Exercise prompt >> Task for the records below: repeat the line containing "From Brrr to" and every line after it, exactly and with nothing else, but leave out the pictures.

Items from a data source
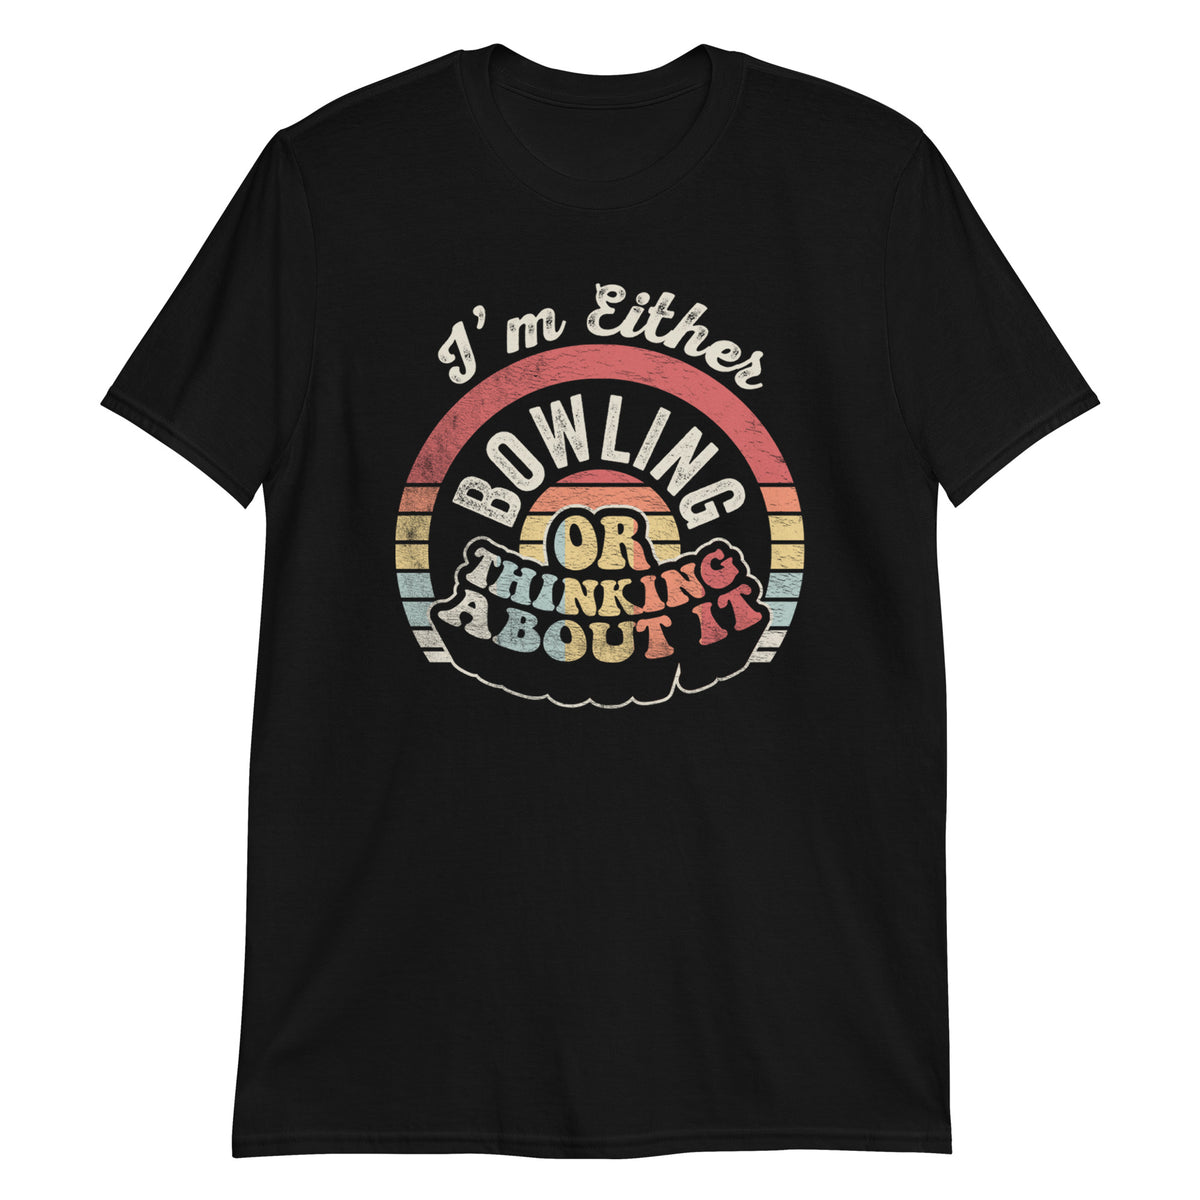 I'm Either Bowling or Thinking About it T-Shirt
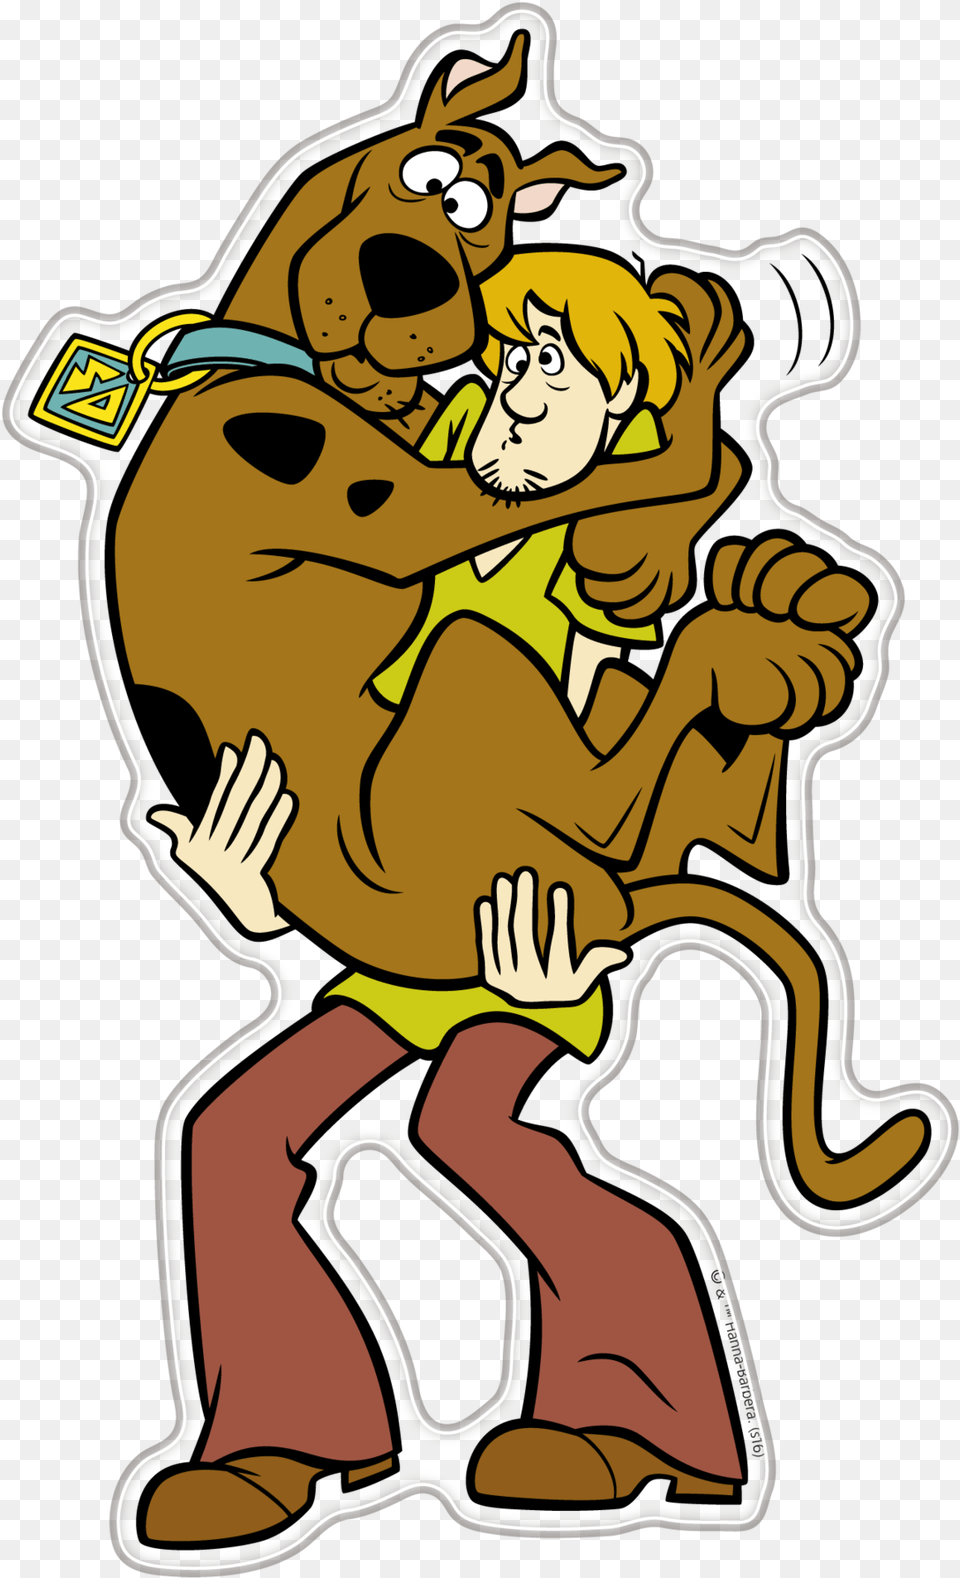 Scared Scooby Doo Shaggy Premium 3d Character Fan Emblem Scooby And Shaggy, Baby, Person, Cartoon, Face Free Transparent Png
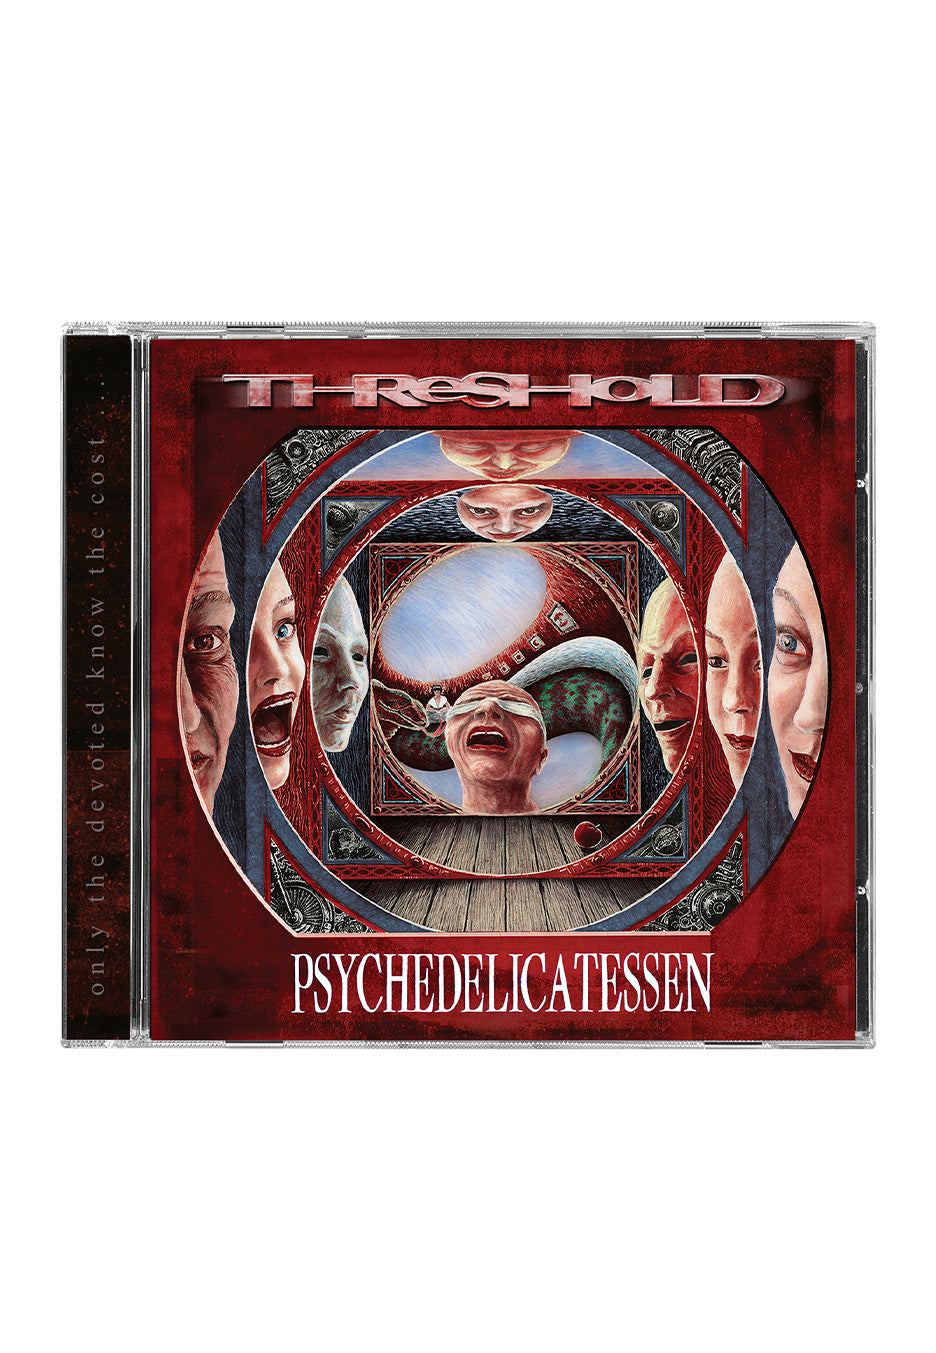 Threshold - Psychedelicatessen (Remixed & Remastered) - CD
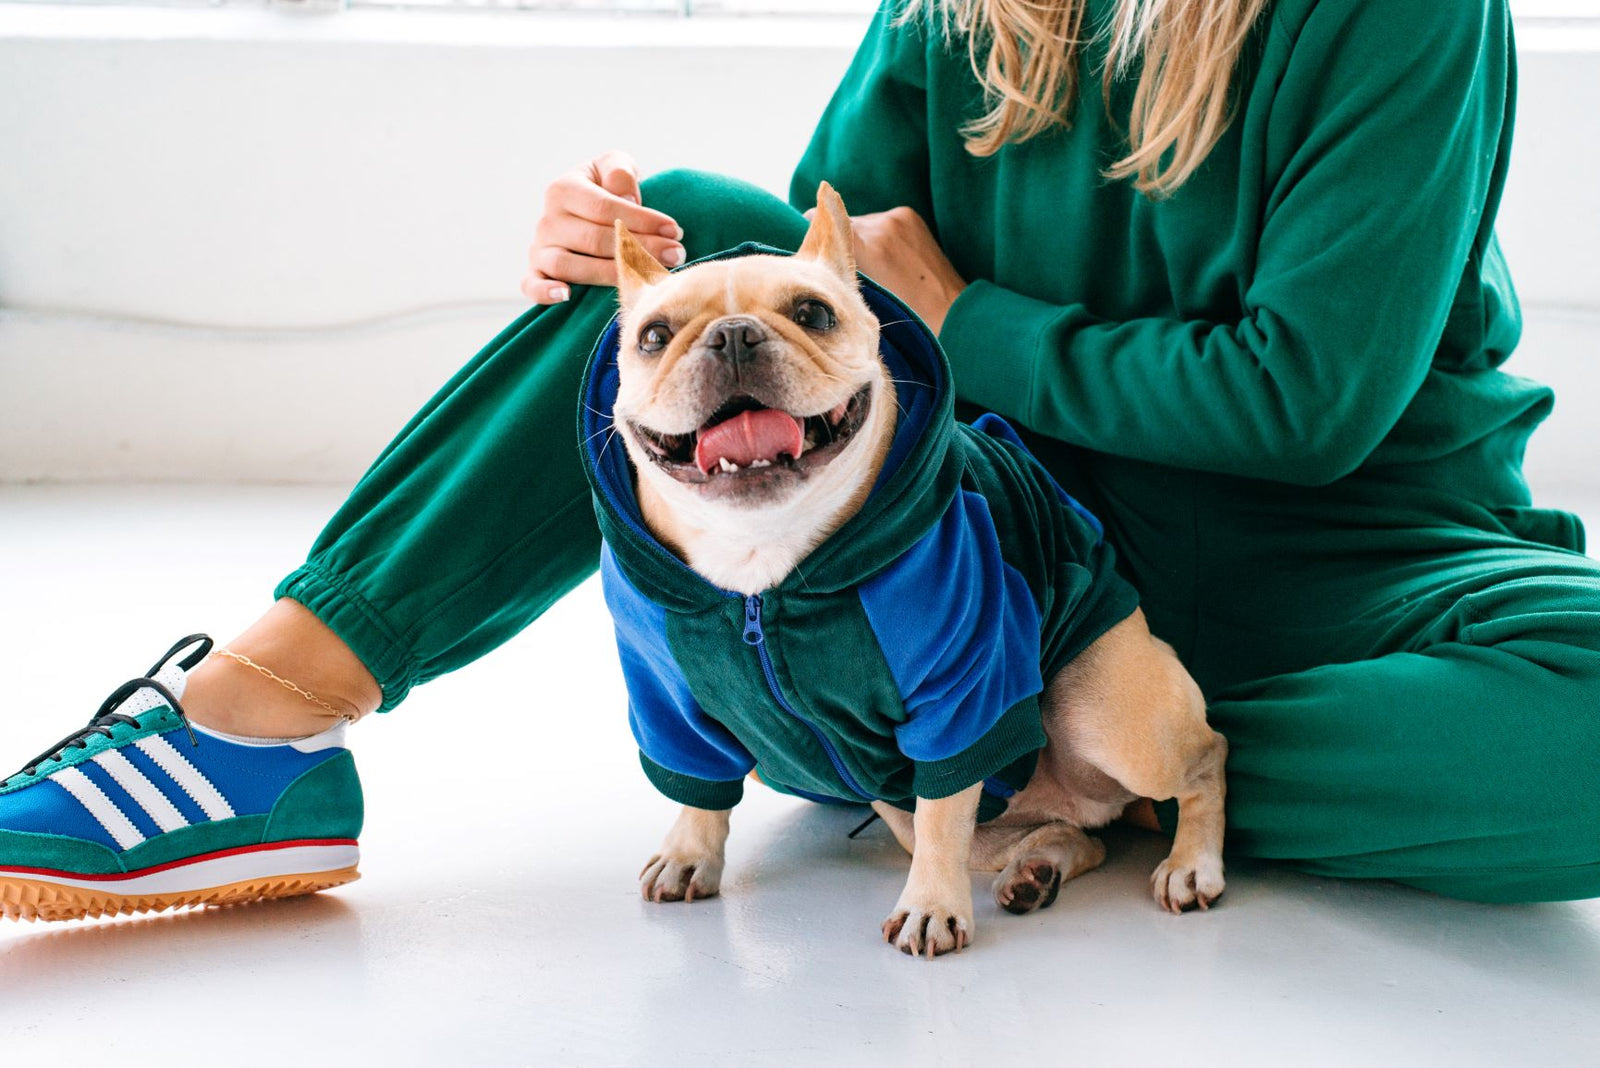 From Brrr to Happy Barks: What to Look for in Doggy Winter Gear
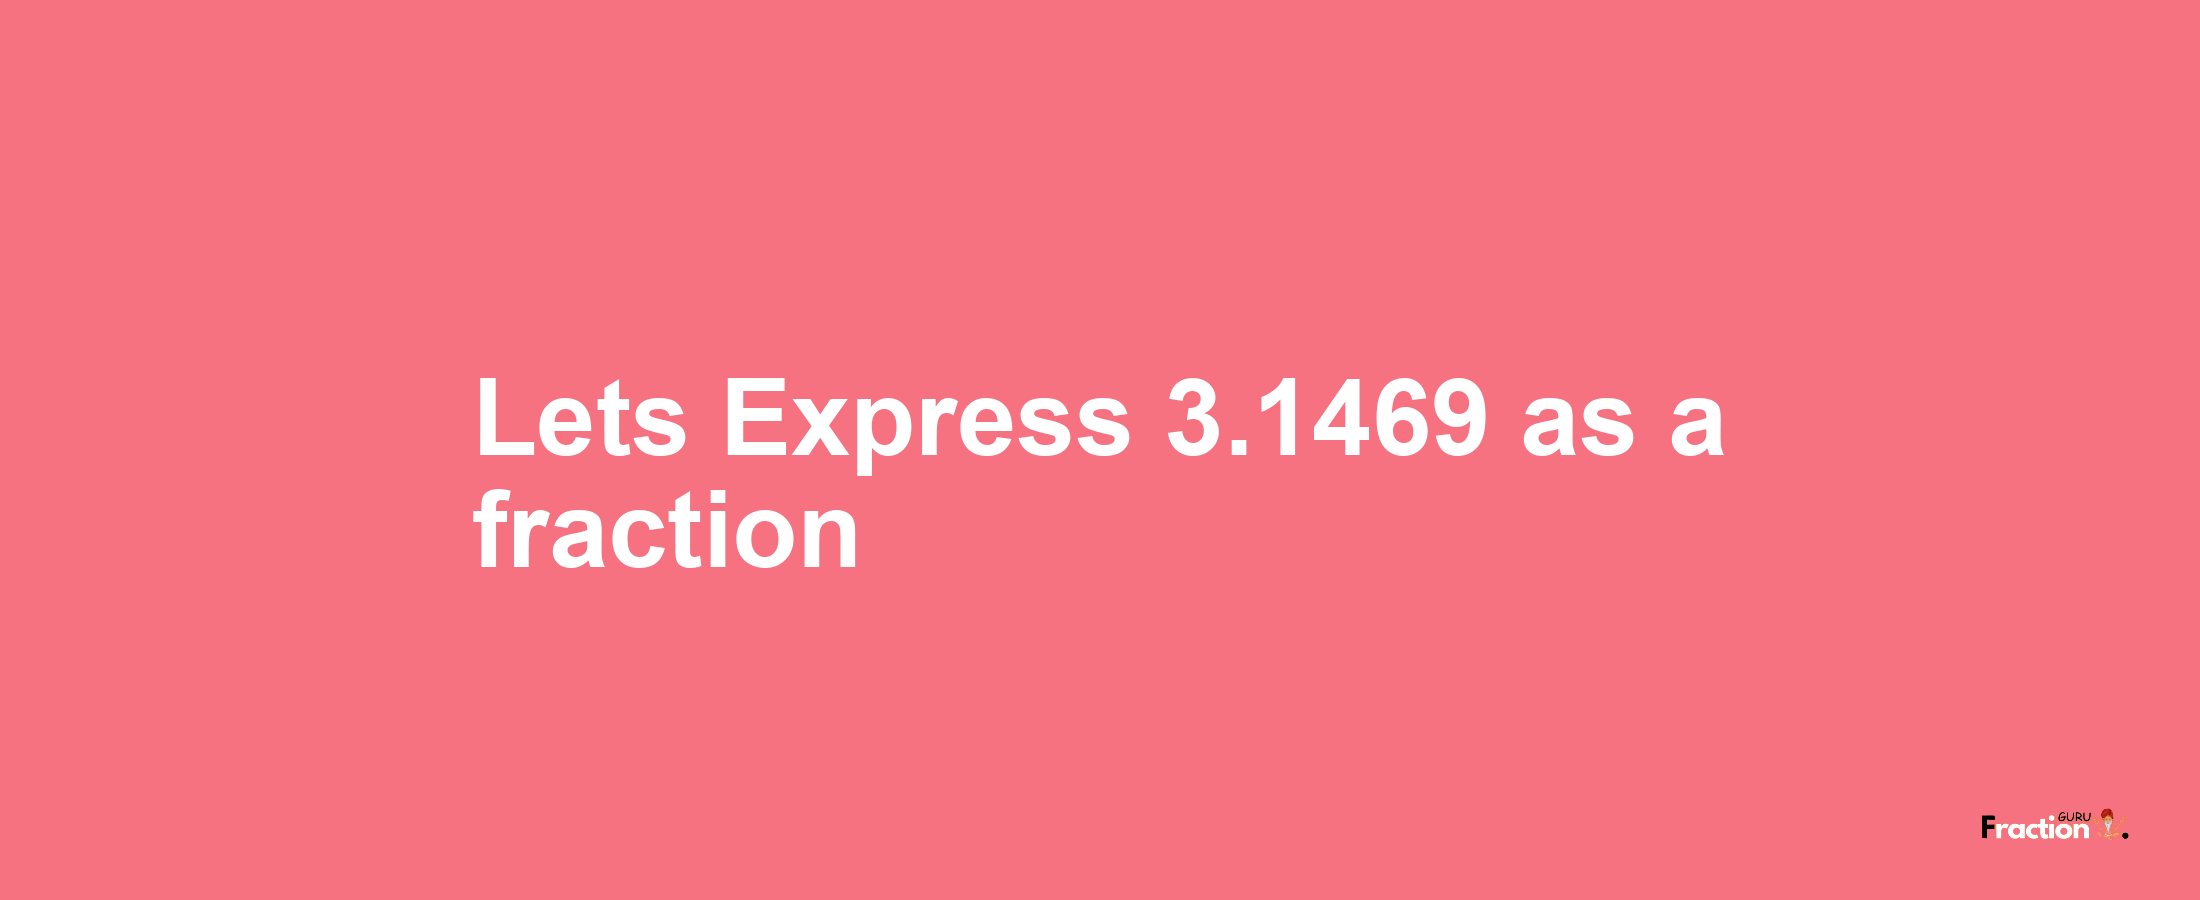 Lets Express 3.1469 as afraction

Result >>
 From Brrr to Happy Barks: What to Look for in Doggy Winter Gear
 Lets Express 3.1469 as afraction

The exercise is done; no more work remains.